Altay Tufan
Efsanesi,
özetle şöyledir: Sel bütün yeri kapladığında,
Tengiz
(=Deniz) yerin üzerinde efendi idi. Tengiz'in yönetimi
altında Nama adında iyi bir erkek yaşardı. Nama'nın Sozun Uul, Sar Uul
ve Balık adlarında üç oğlu vardı. Ülgen (Tanrı), Nama'ya bir kerep
(=tahta
sandık) yapmasını buyurdu. Nama, sandığın yapılması işini
üç oğluna bıraktı. Oğulları, kerepi bir dağ üzerinde
yaptılar. Kerep yapıldıktan sonra Nama, onu her biri seksen
kulaç olan sekiz halatla köşelerinden yere bağlamalarını
söyledi. Böylece su seksen kulaç yükseldiğinde
durum anlaşılacaktı. Bundan sonra Nama, ailesi ile çeşitli
hayvanları, kuşları alarak kerepe girdi. Yeryüzünü sisler kapladı.
Dünya
korkunç bir karanlığa gömüldü. Yerin altından,
ırmaklardan, denizlerden sular fışkırdı. Gökten sağanaklar
boşandı. Yedi gün sonra yere bağlanan halatlar koptu, kerep
yüzmeğe başladı; suyun seksen kulaç yükseldiği
anlaşıldı. Yedi gün daha geçti. Nama en büyük
oğluna kerepin penceresini açmasını, çevreye bakmasını
söyledi. Sozun Uul bütün yönlere baktı. Sonra
şöyle dedi: "Her şey suların altına batmış. Yalnızca
dağların
dorukları görünüyor." Daha sonra Nama da baktı. O da
"Gökyüzü ile sular dışında bir nesne
görünmüyor" dedi. Kerep sonunda sekiz dağın birbirine
yaklaştığı yerde
durdu. Çomoday ve Tuluttu dağlarında karaya oturdu. Nama
pencereyi açtı, kuzgunu serbest bıraktı. Kuzgun geri
dönmedi. İkinci gün kargayı gönderdi,
üçüncü gün saksağanı gönderdi.
Hiçbiri geri gelmedi.
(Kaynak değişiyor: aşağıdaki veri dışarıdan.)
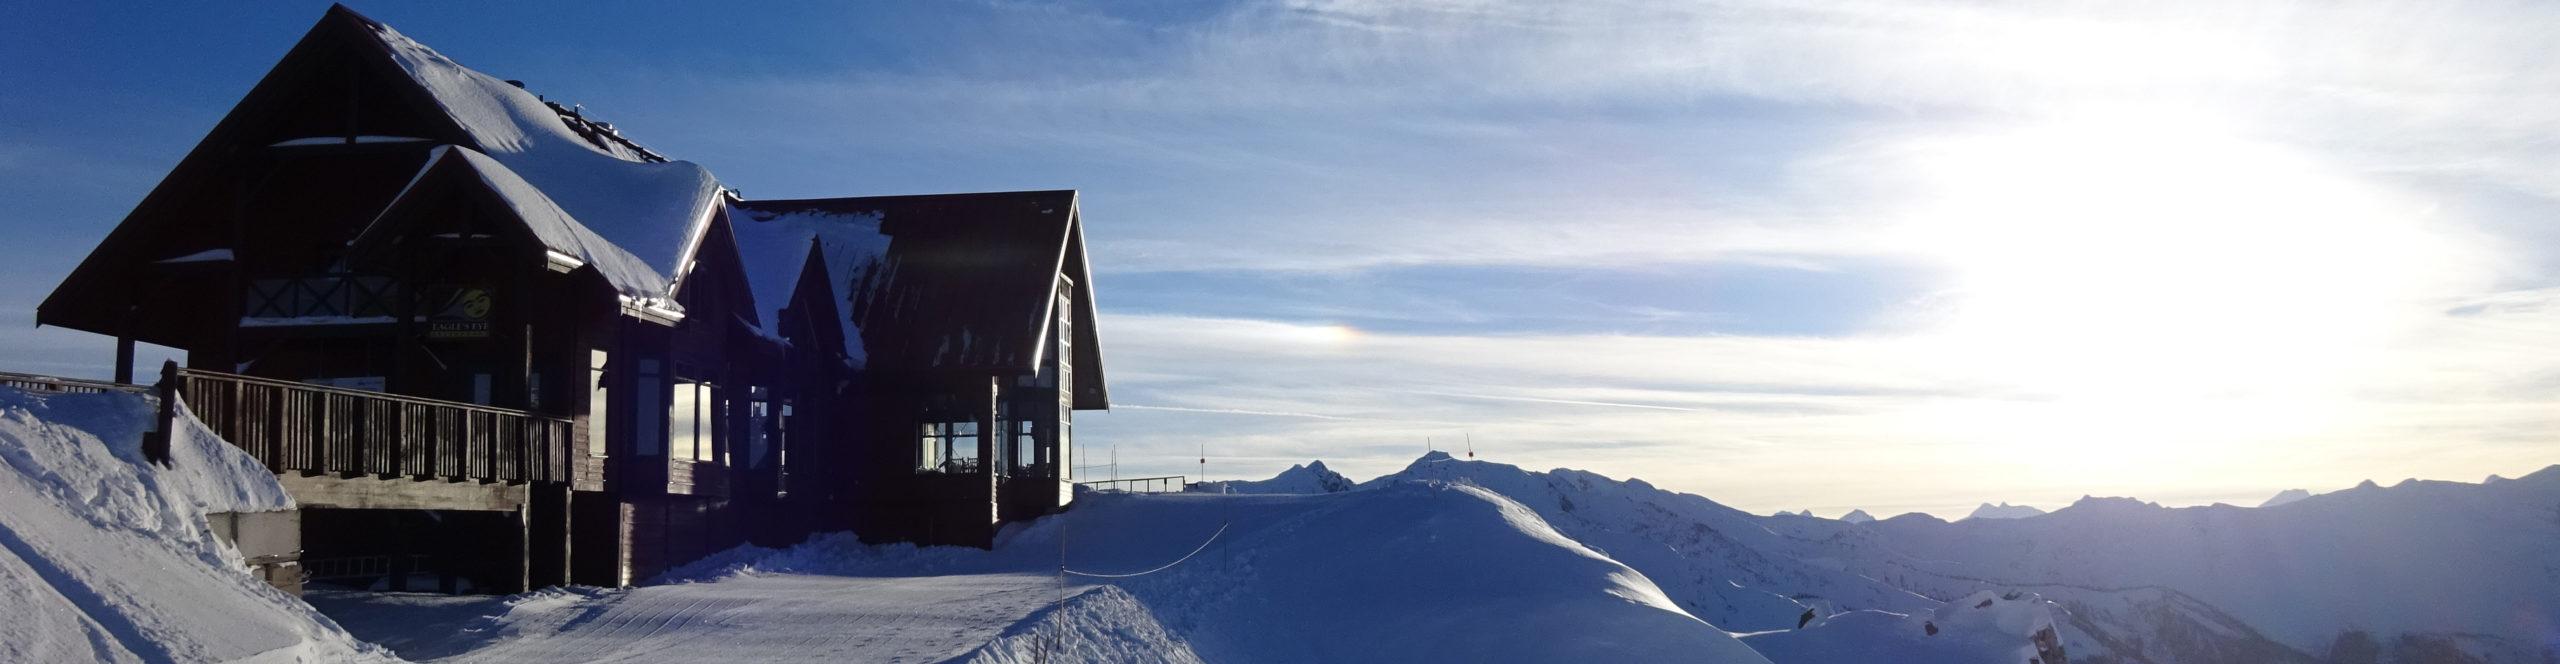 KANADA – Skisafari in den Rocky Mountains – 5 Skigebiete – 8 Skitage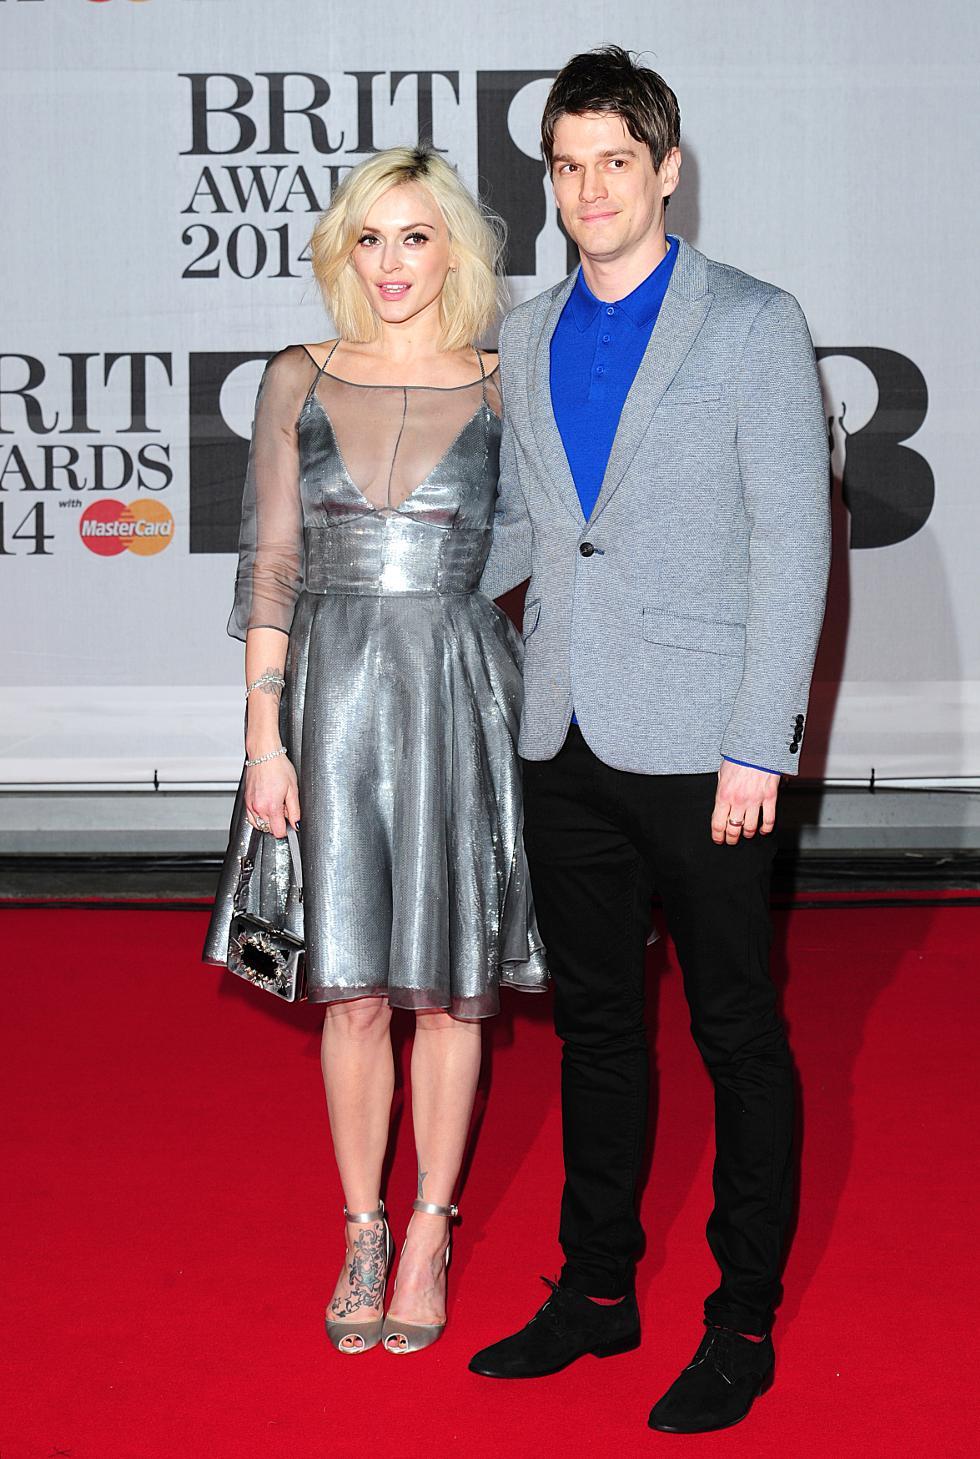 gallery_music-brit-awards-2014-fearne-cotton-jesse-wood.jpg

Dördüncü gün bir
güvercin gönderdi. Güvercin, gagasında bir ince dalla
geri döndü. Nama bu kuştan, öteki kuşların niçin
geri gelmediğini öğrendi. Onlar sırasıyla geyik, köpek ve at
leşi yemek üzere gittikleri yerde kalmışlardı. Nama bunu duyunca
öfkelendi. "Onlar şimdi ne yapıyorsa, dünyanın
sonuna değin
onu yapmağa devam etsinler" dedi. Efsanenin devamında Nama yaşlandığı
zaman,
kurtardığı canlıları öldürmesi için kendisini
kışkırtan karısını öldürür. Oğlu Sozun Uul'u yanına
alarak cennete (göğe) çıkar. Daha sonra orada beş yıldızlı
bir yıldız kümesine dönüşür. Holmberg'in
düşüncesine göre, tufan kahramanları, Yayık Han'a
dönüşmüştür. Yayık Han, Altay Türkleri'ne
göre, insanları koruyan ve yaşam veren bir ruhtur. Ayrıca
insanlarla Ülgen (Tanrı) arasında elçilik yapar.